The Apartment

Year: 1996
Production Co: Cecchi Gori Group Tiger Cinematografica
Director: Gilles Mimouni
Writer: Gilles Mimouni
Cast: Vincent Cassell, Monica Bellucci, Romane Bohringer

No, it's not the Billy Wilder romantic screwball comedy from the 60s, it's a confusing French romantic drama from the mid 90s that's aged terribly.

The first reason it's aged terribly is technical. Obviously it was the pre-digital era, but plenty of other 90s films still look good on screens. There's a mysteriously hazy sheen in the film stock that I don't think is intended to make Paris look woozily romantic, it's just poor quality.

The other reason is from the viewpoint of gender politics a few decades into the 21st century. The hero, Max (Vincent Cassell, looking like a teenager) is a skeezy young art student when he sees Lisa (Monica Bellucci) and falls in love with her at a glance.

Instead of going up to her and introducing himself or doing something similarly socially acceptable, Max instead follows her all over town like a kidnapper with a bottle of chloroform in his pocket. It put me off him immediately.

But that's all later, in a flashback. We start in the present day when he's happily married to another woman, living a comfortable life and working in a successful business, about to leave for a trip to Tokyo that will write his ticket for years to come.

But while he's meeting with the new clients in a cafe in Paris, he's certain he sees Lisa, the woman he once loved, storming out after overhearing her on the phone having an argument with a lover.

He races after her but doesn't catch her, but it gets him so riled up he cancels his trip at the last minute (unbeknown to his wife), staying in Paris to try and find her.

Years before, as we see in one of the many flashbacks, he and Lisa did meet and fall in love, but it fell apart and he moved away, deciding to pursue the more bourgeois life he now leads when he returned to France a few years later.

Through some (also creepy) amateur sleuthing he finds out where Lisa lives, letting himself (excessively creepy) inside and hiding in the closet when he hears her come home (supremely fucking creepy). But when Lisa comes in and Max reveals himself, it instead turns out to be another woman.

She's actually Alice, who we learn – though more flashbacks, and they get more convoluted all the time – that she became friends with Lisa around the time she and Max broke up, that she was mousy and boyish but remade herself in her beautiful friend's image (also creepy) in order to win Max's love, who she'd fallen in love with.

There's also Lisa's current boyfriend Daniel, a married man who might have killed his wife to clear the way to being with her, and Max's friend Lucien, who Alice is actually in a relationship with, all thrown into the melting pot.

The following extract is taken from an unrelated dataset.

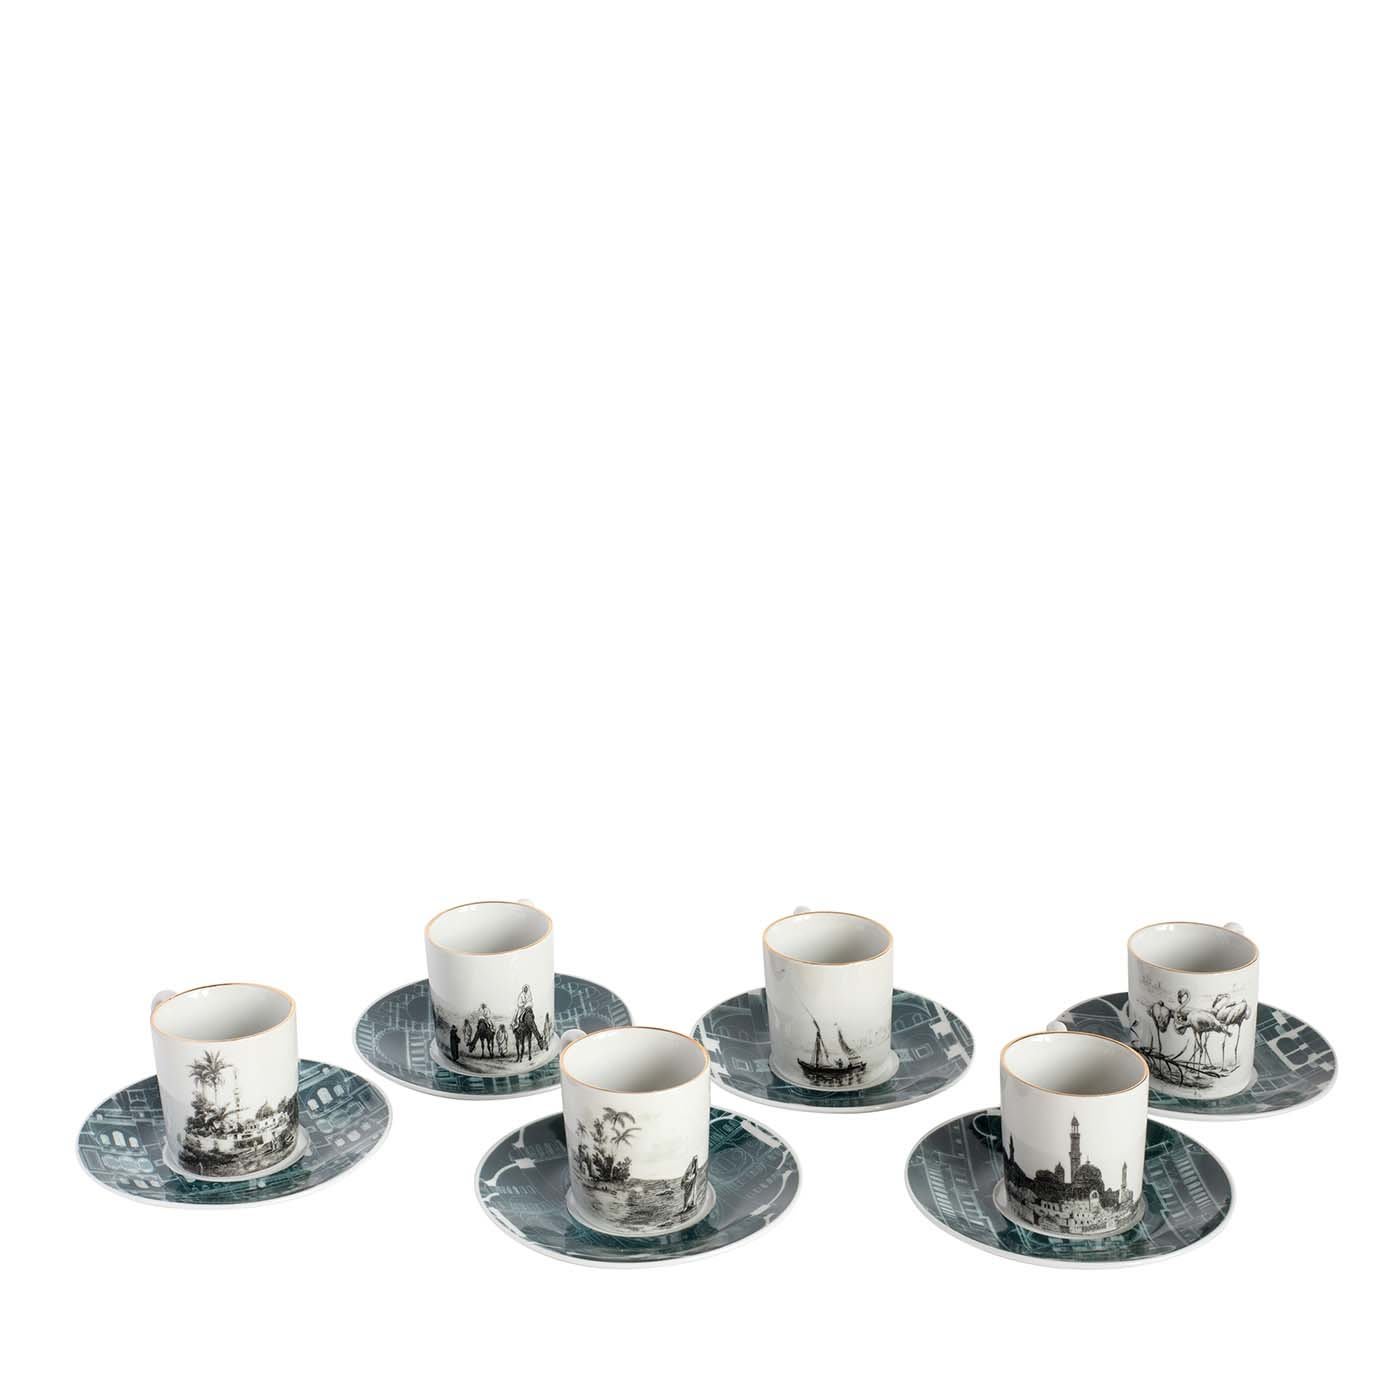 Lebanon Set of 6 Espresso Cups with Saucers - Grand Tour by Vito Nesta

I'm not as familiar with Shakespeare as many are, so I didn't know this was all supposed to be an allusion to A Midsummer Night's Dream, which Alice – a stage actress – is in the midst of performing in her current day story.

Knowing both that and the plot of Shakespeare's romantic romp a bit more intimately might have made the stalkery, rapey vibe of the whole thing a bit more palatable, and it also might have given the knot of lies, deceit, heartbreak and lust a bit more context. By the time we learn a bit more about who Alice is, after her and Max first fall into bed together, I just got lost.

At the very least it's a French film, so you get to enjoy a few glimpses of Gallic nymphets disrobing and shagging.